After Tom and Jenna left, Enid retrieved the marshmallow skewers from the front porch where the Flanagan boy had left them. At least one still had a sticky residue on it. She stood at the sink, scrubbing the skewers and wondering what Tom’s soon-to-be ex-wife, Darlene, was up to these days.

Over the next few weeks, Jenna became a regular fixture at the resort, when she wasn’t working. Enid would see Jenna and Tom walking along the beach at dusk, or playing tetherball, which seemed embarrassingly childish for people their age. By then Enid knew that Jenna was younger than Tom, but not by much. Like him, she was divorced, no kids. She worked a retail job in a mall about thirty miles from the resort and lived in an apartment in town with her dog. Tom had taken to staying there most nights. Enid knew better than to pry, but she gathered all of this information through careful observation and brief exchanges with her son when he returned to the house for a change of clothes or a cup of coffee.

One morning in early October, Enid overheard a troubling conversation between the two of them. She was approaching the laundry room at the chalet when she heard their voices. Without knowing exactly why, she decided not to make her presence known. She stood outside the brightly lit room, listening in the shadows.

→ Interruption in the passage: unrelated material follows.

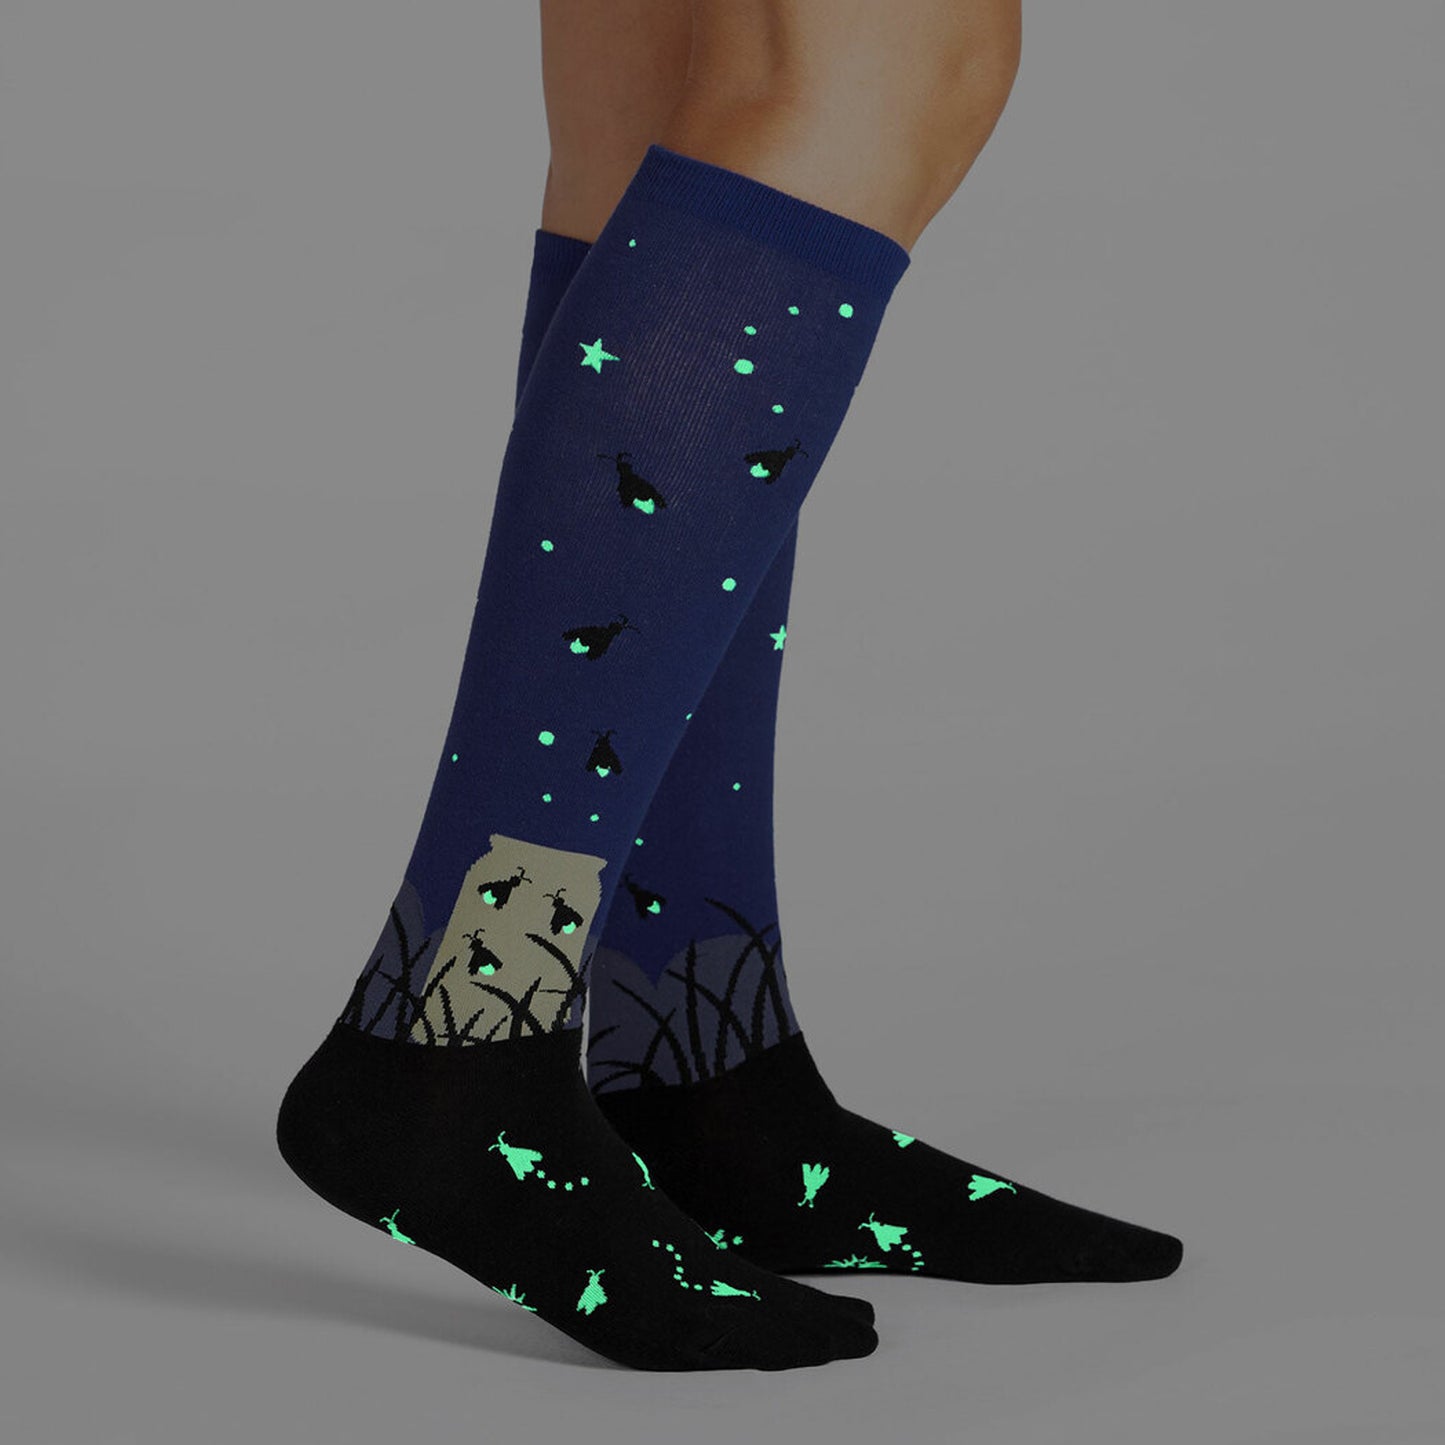 Sock It To Me Women's Knee High Socks - Nightlight (Glow in the Dark)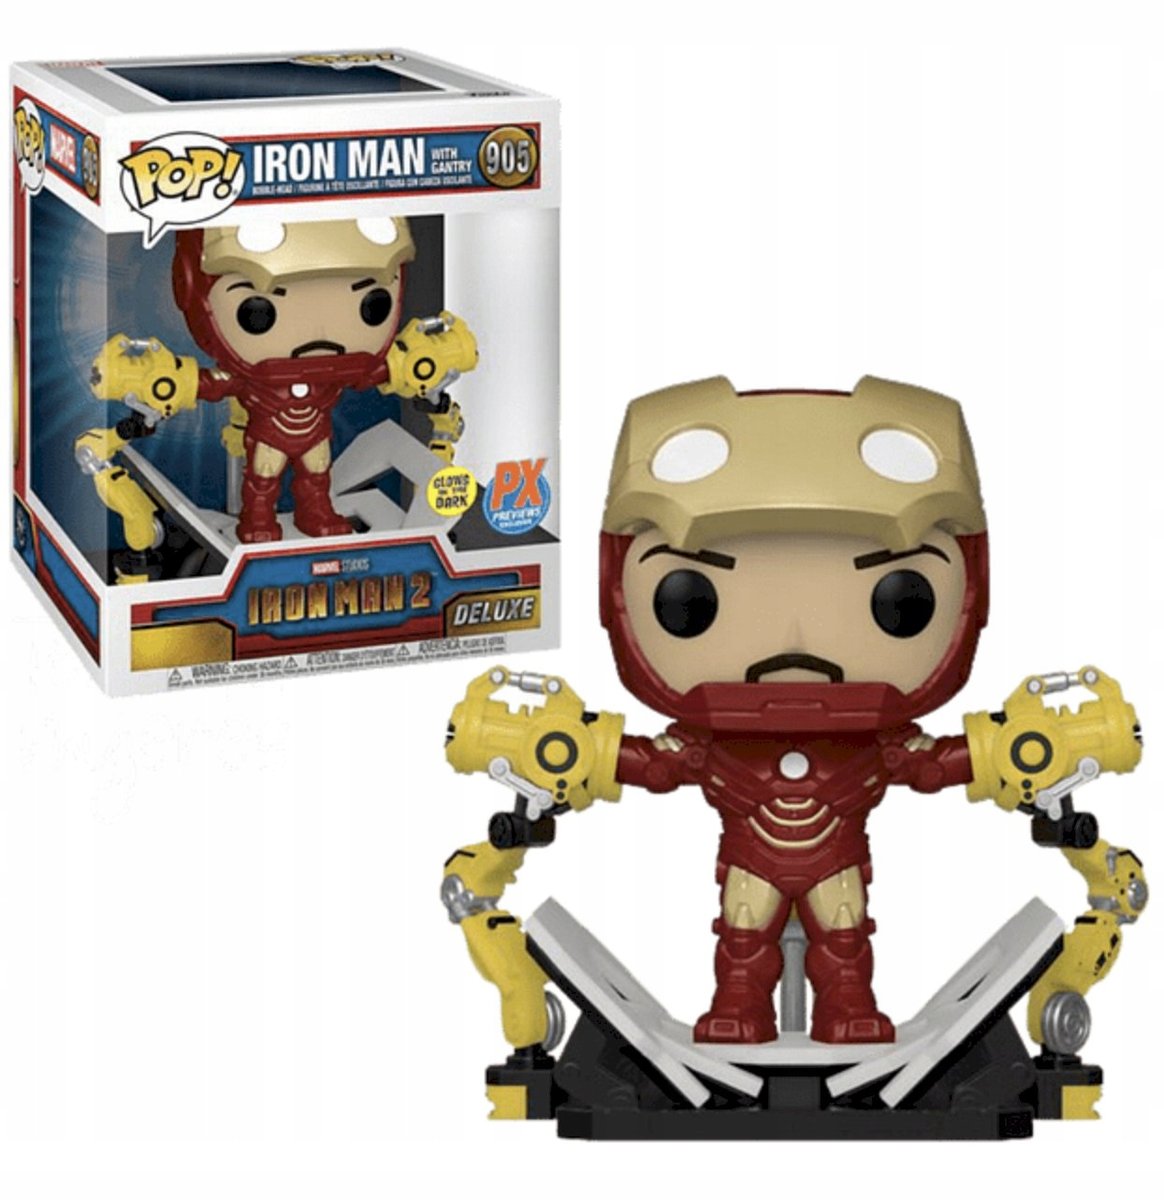 Zdjęcia - Figurka / zabawka transformująca Funko Pop! Marvel Iron Man Mark Iv Xl 905

” . . . be great . . . run this place . . . picture it . . . summer, and then in the off season . . . of course, we’ll have to . . . “, Jenna’s voice faded in and out, but Enid caught enough to know what she was plotting.

Tom said something inaudible, but his tone of voice implied that it was appeasing, tender. Enid heard the sound of them kissing, then Jenna giggling.

Blood rushed to Enid’s face. How dare that woman make plans for the resort? Her resort? How dare she bewitch Tom into complicity? She and Chuck hadn’t come all the way from Alaska to make a fresh start, and spend years building up a financially viable operation, only to have it stolen out from under them by some scheming, low-class harlot.

“Over my dead body,” Enid whispered to herself, as she retreated from the building before they could realize she was there.

It was only a few days after the laundry room conversation that another disturbing incident occurred. Enid opened the front door of the house early one morning to see whether more rain was coming their way. A dark object on the porch caught her eye. She leaned down, expecting to see a damp piece of wood or one of Tom’s dropped socks. As soon as she realized what it was she jumped back with a yelp. It was the lifeless, wet body of a drowned chipmunk.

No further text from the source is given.